The African coastal cities of Cape Town, Maputo, Lagos and Port Said can expect a decrease in wet days but a rise in dry spells in the future, according to new modelling research. Extreme rainfall presents a more complicated picture, with an increase projected over Lagos but decrease over the other three cities. The authors say the results may help these cities manage their vulnerability to extreme weather as the climate warms further.

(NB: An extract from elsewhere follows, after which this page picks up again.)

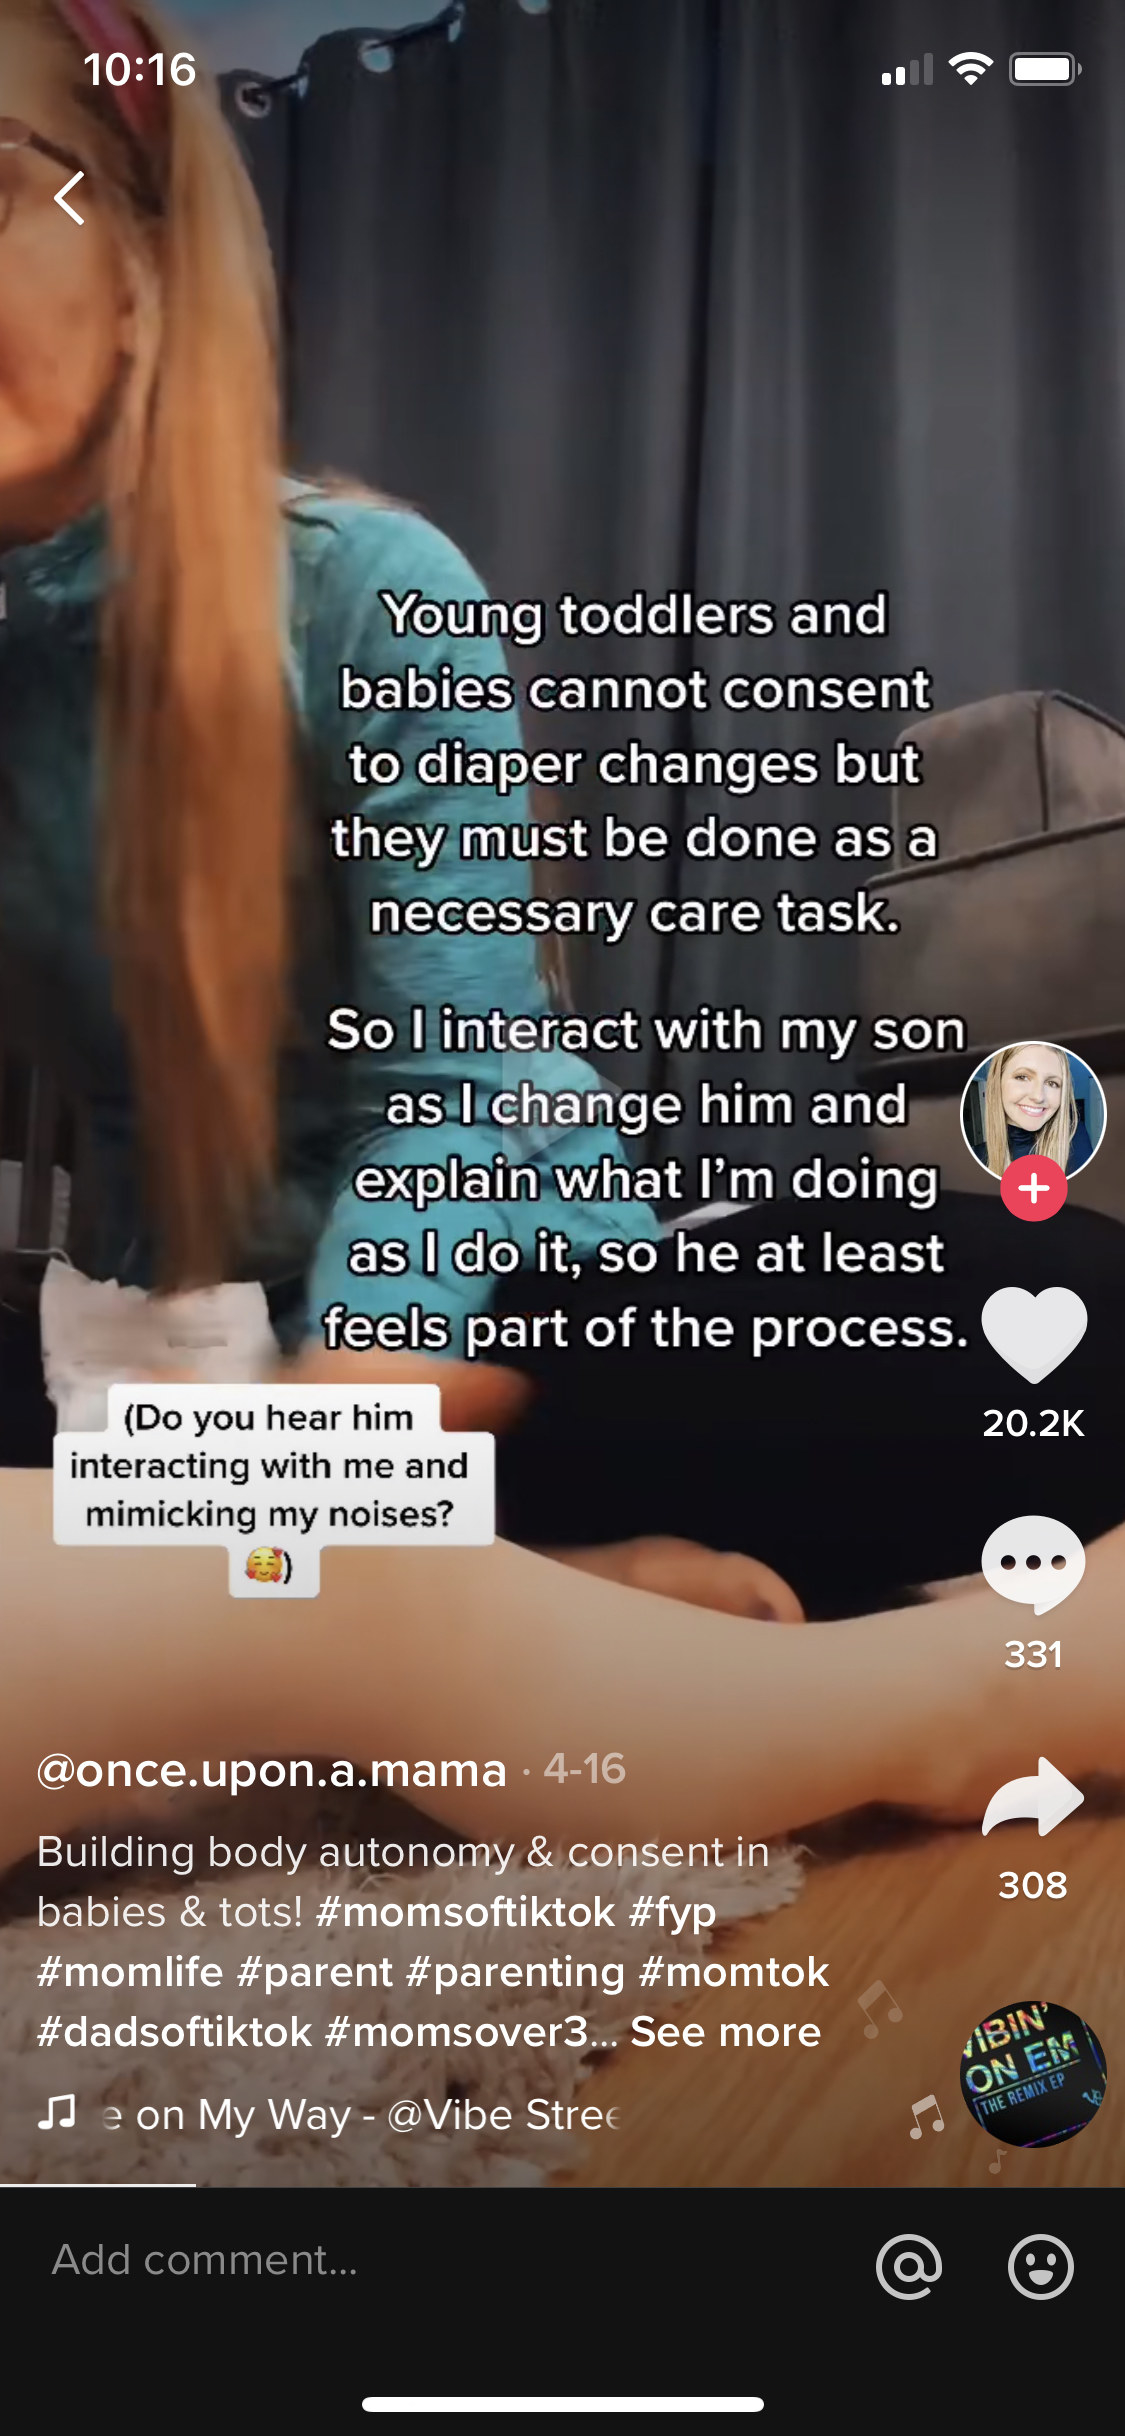 Alissa explaining that although young toddlers cannot consent to having their diapers changed, it&#x27;s still necessary, so she explains what she&#x27;s doing so he at least feels like he&#x27;s a part of the process

In a new country-to-country analysis of climate change adaptation in the Sahel region of Africa, the authors find Kenya has the highest number of reported actions – with 75 actions or 18% of the total. Regionally, West Africa has more adaptation actions but adaptive capacity is generally low across the whole area. The most commonly found adaptation actions are income diversification and water harnessing, the study finds.
A new paper explores the thorny issue of ‘loss and damage’ in the United Nations Framework Convention on Climate Change (UNFCCC) – and how it could be updated to better value places, nuanced lives and experiences. There is an emerging literature that better values what matters to people and what they may consider to constitute loss, which offers an opening to develop the concept of loss and damage more sensitively in international negotiations, the paper suggests. Carbon Brief has a detailed explainer on the history and growing recognition of loss and damage.